Data science exploration is the process of understanding the requirement and feasibility of a technical approach that contributed to AI/ML…

Photo by Keven Ku on Pexels
Photo by Keven Ku on Pexels

Synopsis

If you do not have time, here is the 30-second version:

  • If you or your team is doing a Data Science exploration work that is not a total waste, you need to preserve the work in such a way that you, your team, or someone else can get back to it later without too much trouble. The value of an idea starts from exploration and the value of exploration starts from sharing in such a way that it is easy to reproduce.
  • It may be tempting to refer to a notebook running in a platform accessible to you or your team at that moment of exploration, e.g., hosted JupyterHub, Databricks, etc. However, such an approach has a low probability to survive the test of time. The harder it is to reproduce, the higher the chance that the work will not be studied carefully months or years later. Such a situation can increase the likelihood of accepting assumptions negated by prior exploration, rejecting recommended propositions, or, much worse, redoing the same exploration that draws the same conclusion.
  • Reproducing data science work requires maintaining a version of its dependencies, i. e., the code, the data (both inputs and output), and the parameters. In addition, it requires a guide that explains what is the problem, its solution approach, the solution’s assumption and limitations, potential future works, what is the code execution environment and how to execute the code in the environment, where is data located and how to access/load the data while executing the code, explanation of key parameters and metrics that are essential to manipulate the code and resulting analysis, and brief analysis of the result and conclusions.
  • A suggested approach would be to put the code in a distributed version control system like GitHub, libraries and its version defined in an explicit file like requirements.txt, parameters and data paths saved in a nested file structure like yaml, an infrastructure description file that defines the environment where the code can execute like environment.yml or Dockerfile, a user guide like README.md that includes as much as detail possible to facilitate the manual steps, e.g., running the code in an external platform, loading the data, understanding the code, analysing the results, etc.
A sample structure for versioning exploration work (photo by author)
A sample structure for versioning exploration work (photo by author)

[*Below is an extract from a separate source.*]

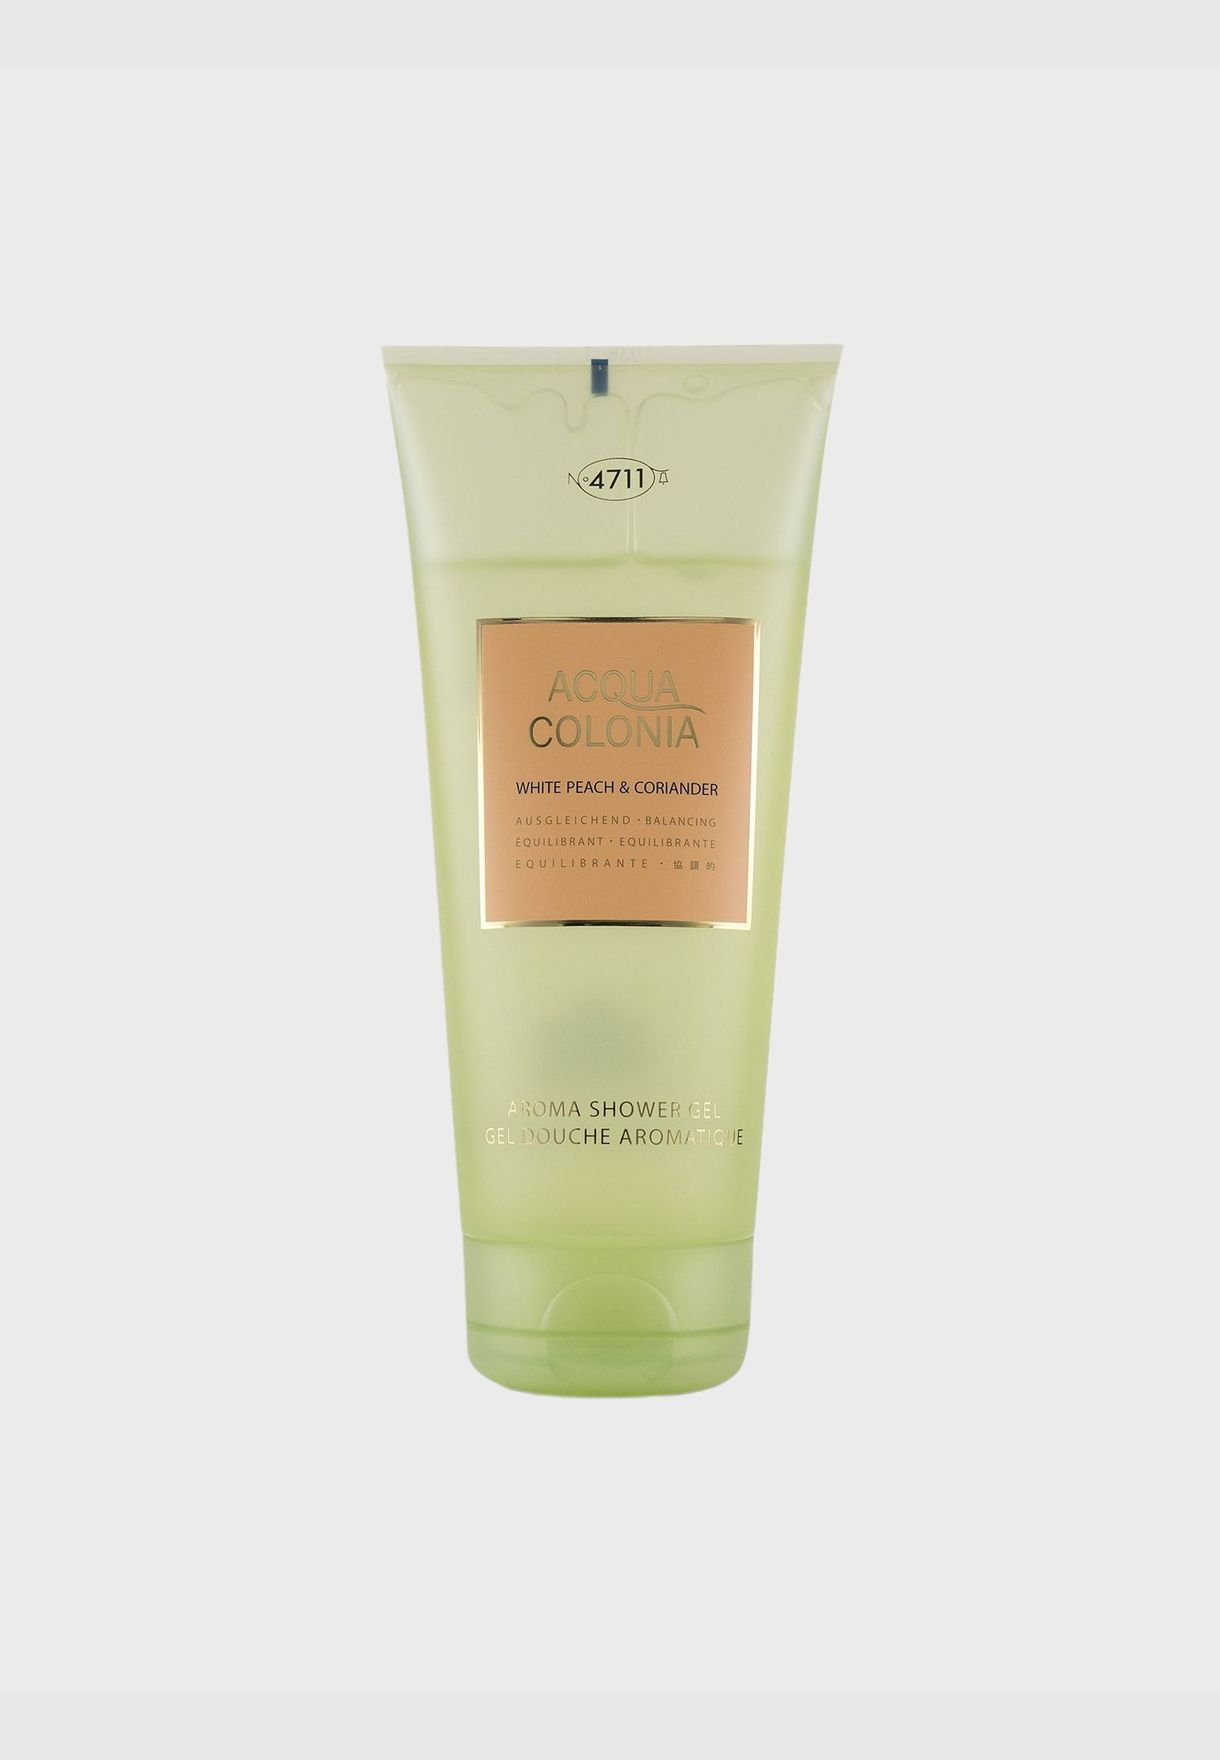 Acqua Colonia White Peach & Coriander Aroma Shower Gel
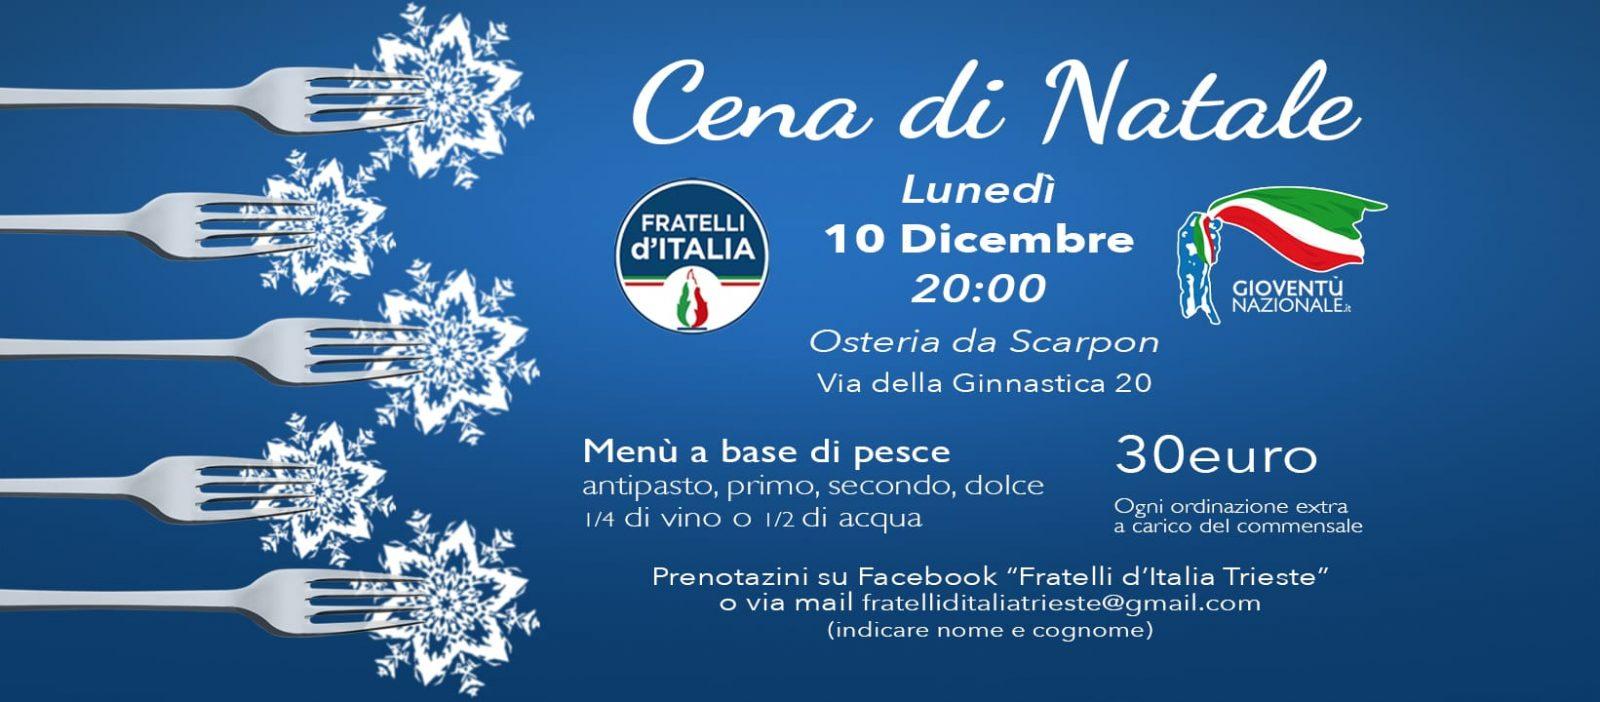 Cena di Natale 2018 @ Osteria de Scarpon | Trieste | Friuli-Venezia Giulia | Italia

If you are intrigued and have more time, here is the longer version:


Background

Data science exploration is the process of understanding the requirement and feasibility of a technical approach that contributed to AI/ML solutions. At the time of writing, I am working heavily with a fashion retailer. Here are a few examples of explorations that can be relevant to a fashion retailer. Please provide your ideas on explorations from your domains in the comments for a wider understanding of how exploration works.

Photo by Artem Beliaikin on Pexels
Photo by Artem Beliaikin on Pexels
  1. Can we use image features to identify similar/complementary garments?
  2. Can we evaluate the impact of discount strategy on garment stock through simulation?
  3. How much time we can save on customer order fulfilment if we choose allocation strategy X over Y?
  4. Does buying variations of the same garment increase probability of returns?

These explorations vary a lot. From a scope perspective, exploration can be answering a simple question on the data source to something significantly more complicated where a real-world process needs to be modelled. From a human resource perspective, it can be done by individual experts to a team of experts of several kinds. From a duration perspective, it can run from a week to several months. From an area perspective, it can include data analysis, engineering proof of concepts, algorithm experimentations or some combination of all these three areas.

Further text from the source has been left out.